Markdown Rendering: Code Blocks, Syntax Highlighting, Copy Button
When people ask the chatbot technical questions, Claude responds with code blocks. Plain text rendering made these unreadable — just a wall of monospace text with no visual structure.
I built a lightweight markdown renderer directly in the component — no react-markdown, no remark, no rehype. It handles fenced code blocks with language detection, inline code, and bold text. For syntax highlighting, I wrote a single-pass tokenizer that identifies keywords, strings, comments, and numbers for JavaScript/TypeScript, CSS, and HTML.
The key lesson here: don't use chained regex replacements for syntax highlighting. My first attempt used sequential .replace() calls, and the later regexes matched the <span class="..."> tags generated by earlier ones. The fix was a single-pass approach where each regex match is processed exactly once.
I also added a copy button to each code block. It uses the Clipboard API (navigator.clipboard.writeText) with a "Copied" confirmation state. Small detail, big usability improvement.
The UI: Making It Feel Like a Person
The first version used a generic purple chat bubble with a speech icon. It worked, but it felt like every other SaaS support widget. I wanted it to feel like you're actually talking to me.
The current version uses my photo as the chat bubble with a purple AI overlay and an "AI" badge — making it immediately clear this is an AI version of me, not a hidden bot pretending to be human. The chat header shows my name with "AI Agent" and a green online indicator. Assistant messages show a small avatar next to them. The welcome screen has a larger photo with "Hey, I'm Luca!"
I also added a fullscreen mode. The small 360×480 widget works for quick questions, but for code-heavy conversations, you need more space. An expand button in the header switches to a full-viewport layout with centered content capped at max-w-3xl.
What It Cost
Claude Haiku is remarkably cheap. With my system prompt (~3,000 tokens) and typical conversation lengths, each message costs roughly $0.001-0.003. Even with generous usage, the monthly cost is a few dollars. The rate limiter is there for abuse prevention, not cost management.
The development cost was essentially zero in terms of dependencies. No new npm packages were added. The entire feature is built with Next.js API routes, the Fetch API, React state, and Tailwind CSS — tools already in the project.
What I'd Do Differently
Streaming responses. Currently, the user sees "..." dots until the full response arrives. With Claude's streaming API, I could render tokens as they arrive, making the chatbot feel much more responsive. It's a straightforward change — switch from the Messages API to the streaming variant and use a ReadableStream on the client.

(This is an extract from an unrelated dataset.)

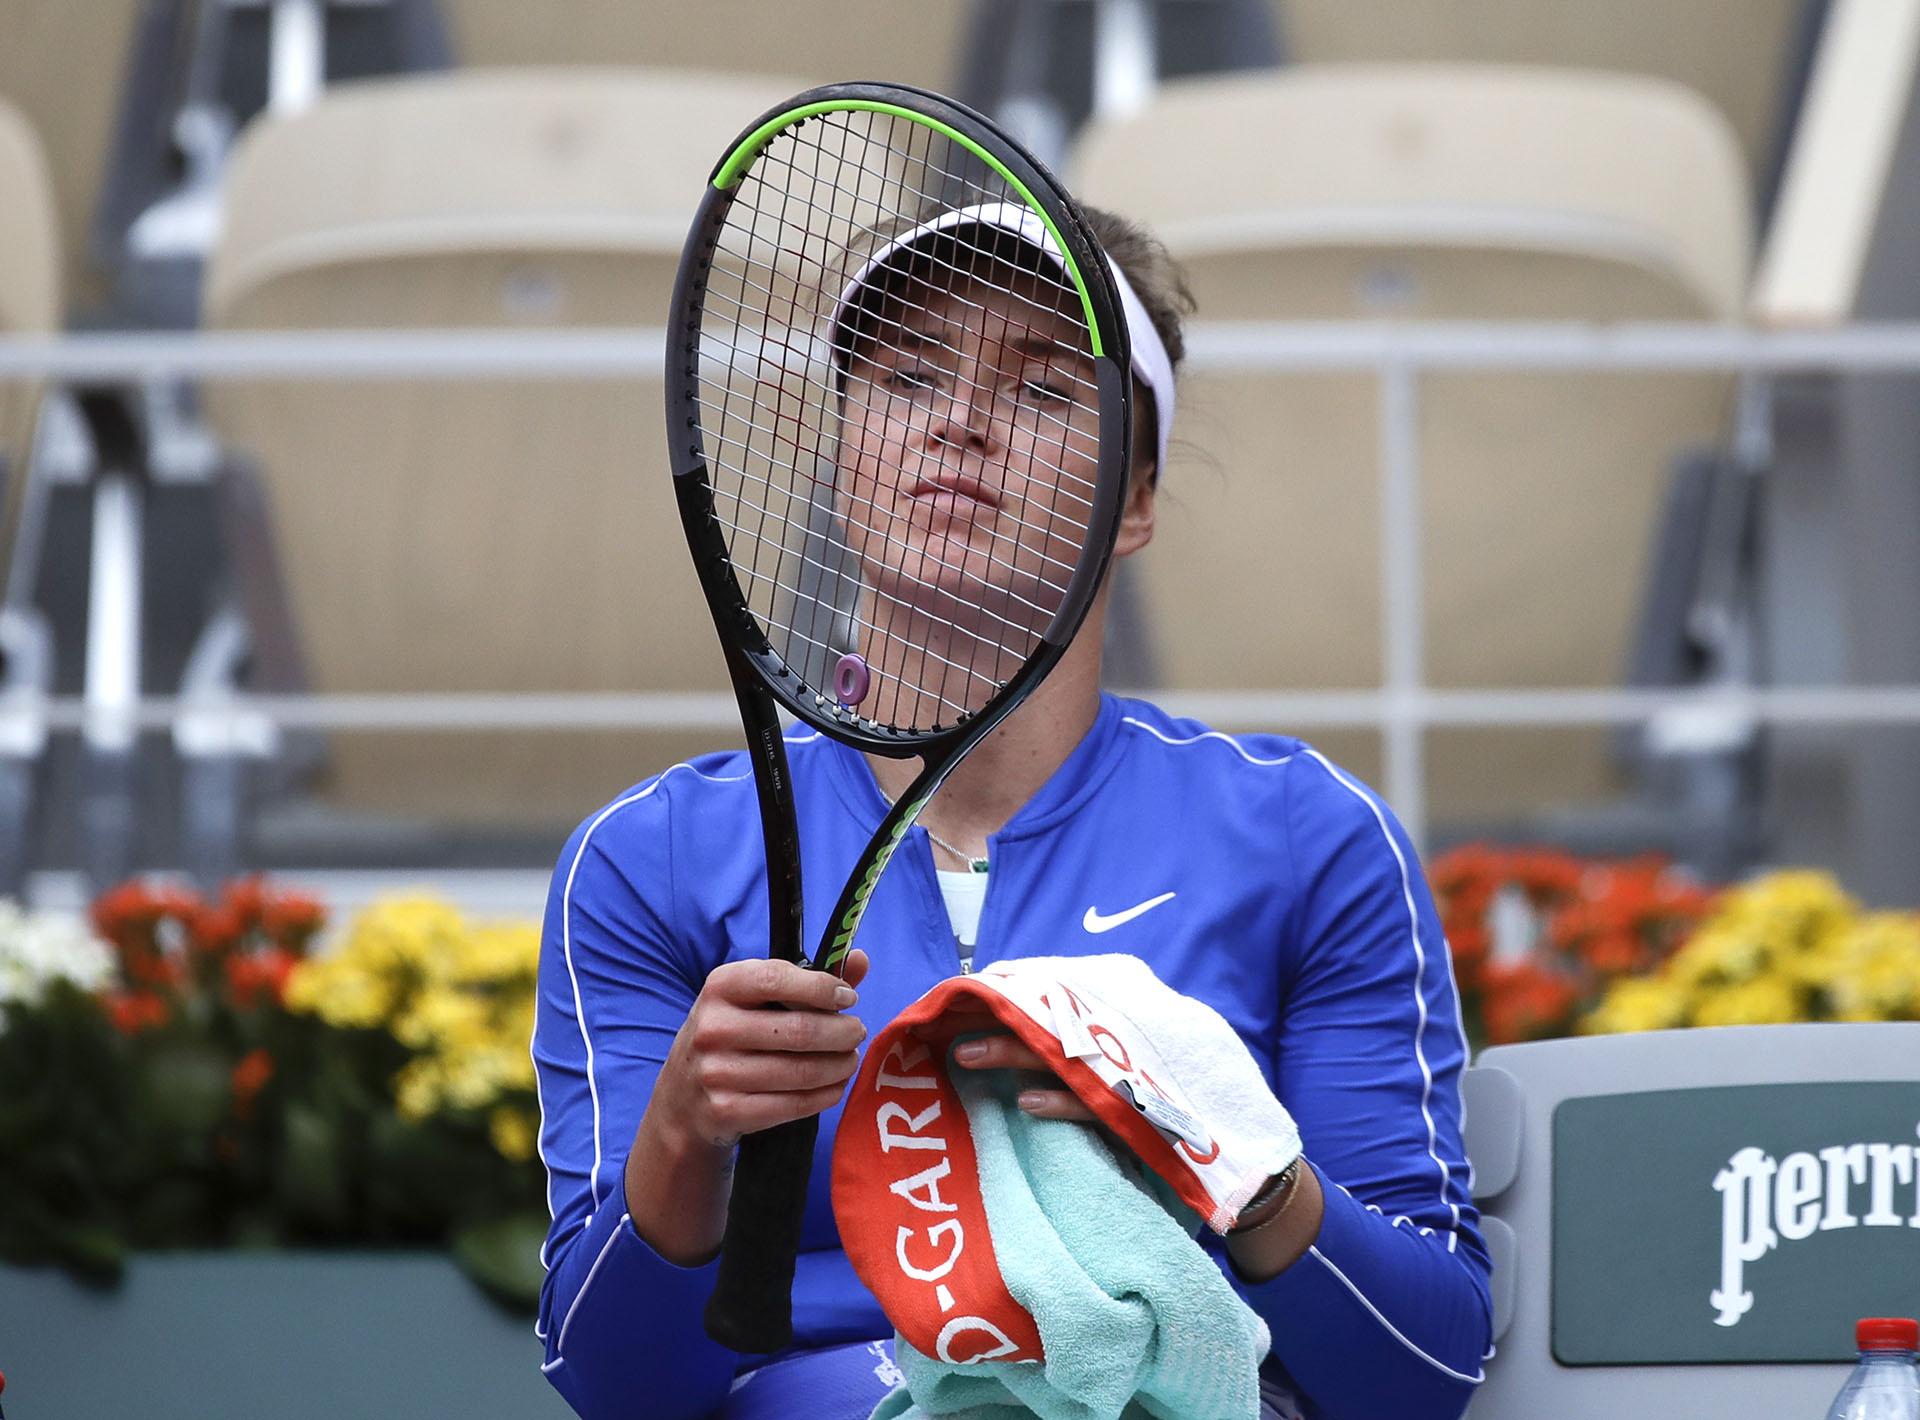 La ucraniana Svitolina es la número 5 del ranking mundial de la WTA (AP Photo/Alessandra Tarantino)

Persistent conversations. Right now, closing the chat loses the conversation. LocalStorage would fix this trivially. I haven't added it because I'm not sure people want their chatbot conversations persisted — but it would be a better UX for returning visitors.
Better error handling for edge cases. The current implementation handles network errors and rate limiting, but doesn't gracefully handle cases like Claude's content filtering or very long responses that hit the token limit mid-sentence.
The Takeaway
Building an AI chatbot in 2026 is not a complex infrastructure project. With a good model API, a server-side route, and basic frontend skills, you can go from nothing to a production chatbot in an afternoon. The hard part isn't the technology — it's crafting a system prompt that makes the chatbot genuinely useful instead of generically chatty.
The total implementation: ~140 lines of server code, ~230 lines of client code, zero new dependencies, one environment variable. If you have a portfolio site and want visitors to be able to ask questions about your work, this is probably the highest-leverage feature you can add.